By clicking “Sign up for GitHub”, you agree to our terms of service and privacy statement. We’ll occasionally send you account related emails.

Already on GitHub? Sign in to your account

Refactor the way options are provided #28

Open
multimeric opened this issue May 18, 2021 · 5 comments
Open

Refactor the way options are provided #28

multimeric opened this issue May 18, 2021 · 5 comments

Comments

@multimeric
Copy link
Contributor

toil_container version: 1.1.6
Python version: 3.9.4
Operating System: Ubuntu 20.10

Description

Currently the most useful entry point to toil_container() is the call() function of ContainerJob. Unfortunately, it uses the options dictionary, which is defined at initialization time. This means that:

a) All options have to be known before the job actually runs. This is not always true, as bind mounts might be dynamic, and even the docker/singularity choice could be changed dynamically
b) We have to actually pass options every time we instantiate a job. This is verbose and not DRY.

New feature

I propose that we:

  • Extract containerJob.call out into a static function such as containerCall(). containerCall() then takes the "options" (docker/singularity, mounts etc) as an argument, and does not rely on self.options. This resolves my first point.
  • containerJob then uses containerCall() internally for backwards-compatibility (I have no intention to use containerJob myself, though)
  • Make containerCall() pull its default options directly from the Toil config object, accessed through self.jobStore.config from any given job. These can still be overridden by arguments. This system means that, if you have --singularity enabled, all jobs will automatically use singularity (by default) without having to pass options around (my second point above)
@jsmedmar
Copy link
Contributor

jsmedmar commented May 18, 2021

This sounds fair. However, if containerCall is a static function, self will not be available.
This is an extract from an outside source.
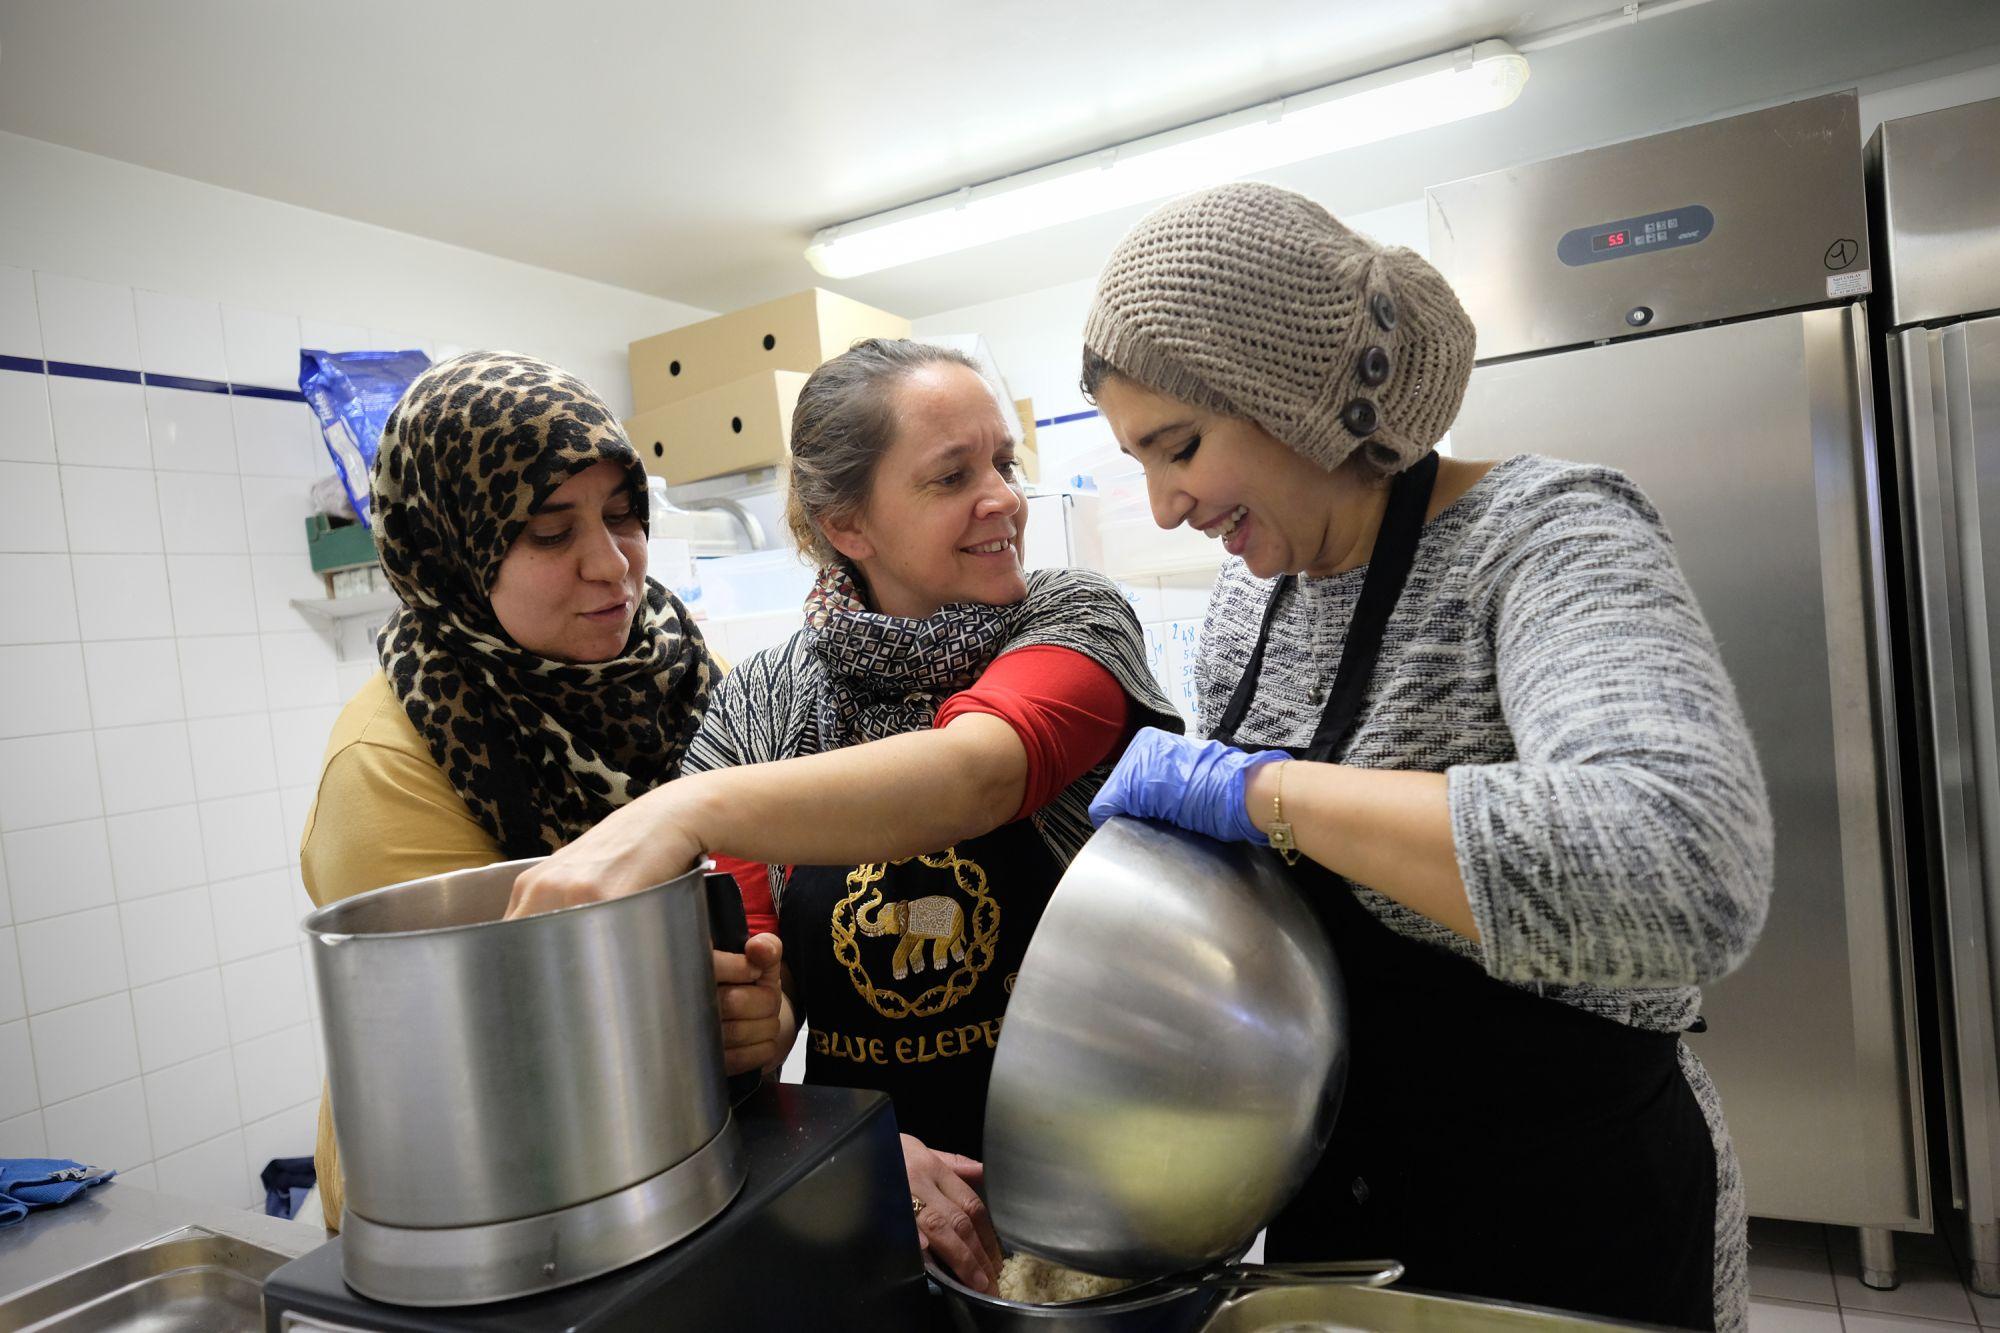 Le Grand T - Resto - Cuisine égyptienne
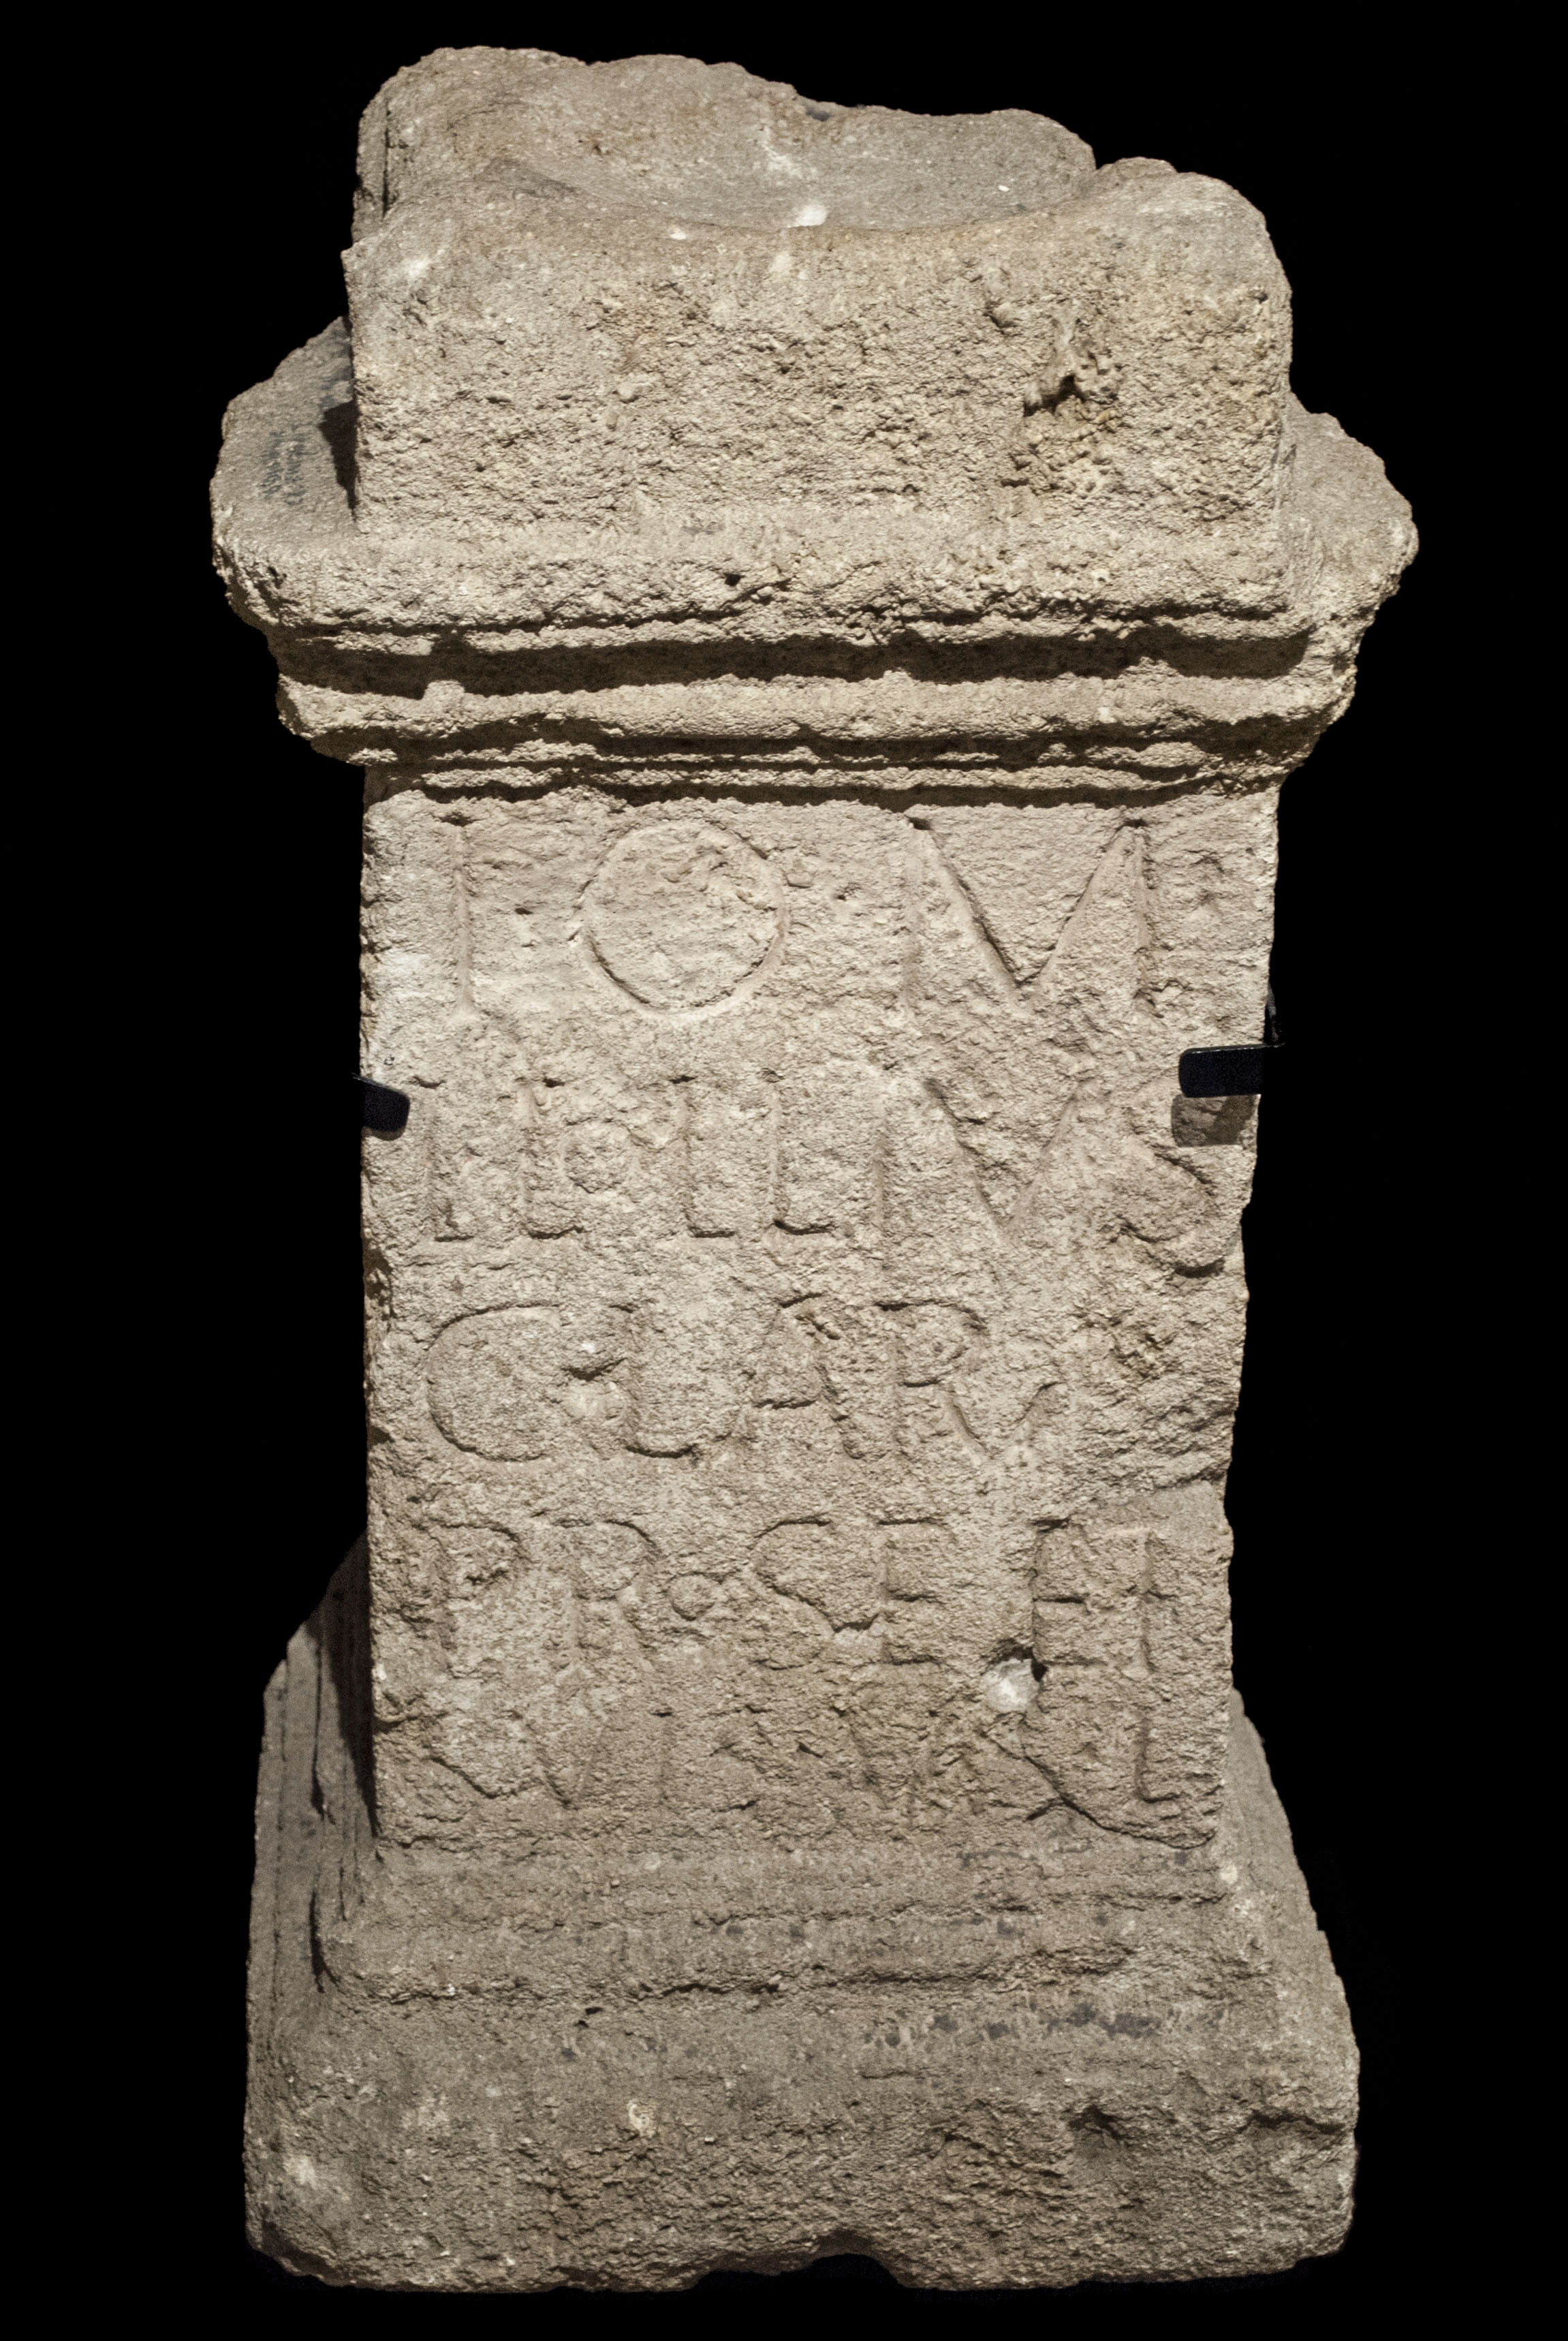 An image of an altar to Jupiter Optimus Maximus.

If you are not planning to use containerJob, then all we really need to do is to extract the little logic in containerJob.call and put that in a single function toil_container.containers.call for example. This function could look like this:

def call(docker=None, singularity=None, working_dir=None, volumes=None, cwd=None, env=None, check_output=False):
    call_kwargs = {}

    if singularity and docker:
        raise exceptions.UsageError("use docker or singularity, not both.")

    if singularity or docker:
        call_kwargs["check_output"] = check_output

        # used for testing only
        call_kwargs["remove_tmp_dir"] = getattr(self, "_rm_tmp_dir", True)

        if working_dir:
            call_kwargs["working_dir"] = working_dir

        if volumes:
            call_kwargs["volumes"] = volumes

        if singularity:
            call_kwargs["image"] = singularity
            call_function = singularity_call
        else:
            call_kwargs["image"] = docker
            call_function = docker_call

    elif check_output:
        call_function = subprocess.check_output

    else:
        call_function = subprocess.check_call

    errors = (exceptions.ContainerError, subprocess.CalledProcessError, OSError)

    try:
        output = call_function(**call_kwargs)
    except errors as error:  # pylint: disable=catching-non-exception
        raise exceptions.SystemCallError(error)

    try:
        return output.decode()
    except AttributeError:
        return output

Then containerJob could just call that function, and you can import container.call wherever you like, passing the arguments you want.

Am I understanding this correctly?

@multimeric
Copy link
Contributor Author

Yes that's basically exactly what I want to do (and have done, in my WIP code)! I think that would be a big improvement.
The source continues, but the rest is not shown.